His that true for Maya scene editing, it is more capable than a 12900H+mobile 3080 TI ? Source ?





Well it would seem you are proving my point... All these bench marks looking for conns, are irrelevent. No 3D model artist gives two shakes how fast any Laptop PC or MAC renders anything. So getting excited about cinebench wins is stupid. Even when it comes to rendering large video file projects... professionals are not doing that on laptops. lol (not that the M1 doesn't win there anyway... its just not going to be a big part of any real world workflow.) Most of these youtube benchs are done by people that have zero clue about what they are benching. Adobe has a benchmark mode... and I know how to make cool GFX for my youtube chan, that doesn't make you a pro. lol No laptop hardware from anyone is suited to rendering shit for real money. But being able to edit on the go... or quickly scrub through some footage ect, that is useful. M1 wins easily for that use.

In Adobe 2D video rendering... Winner M1 Max, by a pretty nice bit. 18s isn't nothing. And that is vs a 3080ti. What is more important to must pros is how smooth it is scrubbing timelines ect... and in that regard M1 wins.

Where Apple losses. Again its FINAL renders, in 3D workflows. (in 2D workflows M1 wins easily in all but obscure windows centric codecs) No professional 3D modeler will be rendering on a laptop. All of the youtube benchmark folks get this 100% wrong. No 3D pro cares what their laptop render times are cause they won't ever be doing final renders on that hardware. (perhaps the odd single frame pre render to check something... but final renders no) The only people that would be rendering on any laptop... are students and Youtubers with less then 10k subs creating cheesy 20s 3D title cards. lol
I have worked for professional 3D houses (not large ones... but large enough) yes a few of those guys have M1 macs and they love them for model and scene work.... no they don't render on them. Why would they... they send their work to the offices render farm. They do love that they don't need a chunky laptop that sucks 300 watts from the wall and will burn them if they pick it up. Even in the video you posted... this guy said as much, the M1 draws 1/4 the power from the wall while scrubbing around adobe premiere, and the same is true for stuff like Zbrush ect. Does it heat up like crazy if you try to render... of course, its not breaking the laws of physics, that just isn't something anyone making money on that stuff would be doing so who cares.

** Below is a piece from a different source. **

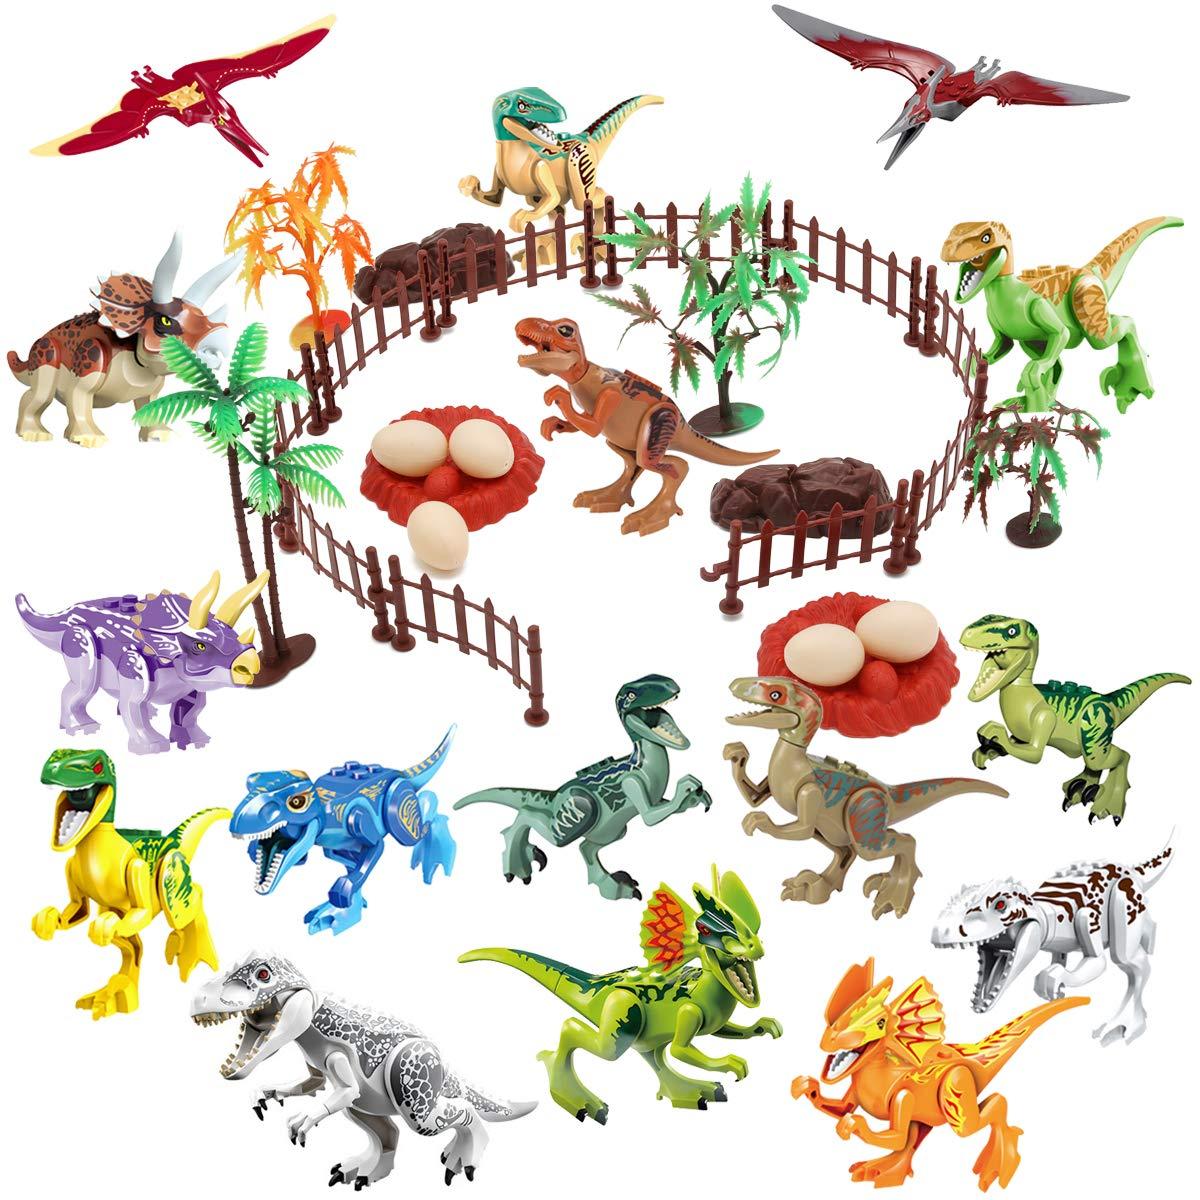 Winrase DIY Dinosaur Building Blocks Toys Set 16pcs Buildable Jurassic Predator Herbivore Dinosaur Building Blocks Figures with Movable Jaws and 23pcs Dinosaur Scene Configuration Park

I agree that Apple is not a gaming machine... but who is expecting Macs to do AAA gaming at this point. Apple pretty much gave up any pretense of going after AAA gaming imo. If gaming is an important part of your computing Apple isn't (nor has it been since Apple IIe days) the go to.

This is also why Apple isn't going to buy GPUs from AMD or Nvidia or anyone else. Their GPUs actually handle peoples real M1 workloads just fine. Are they render beasts... hell no. But they don't need to be.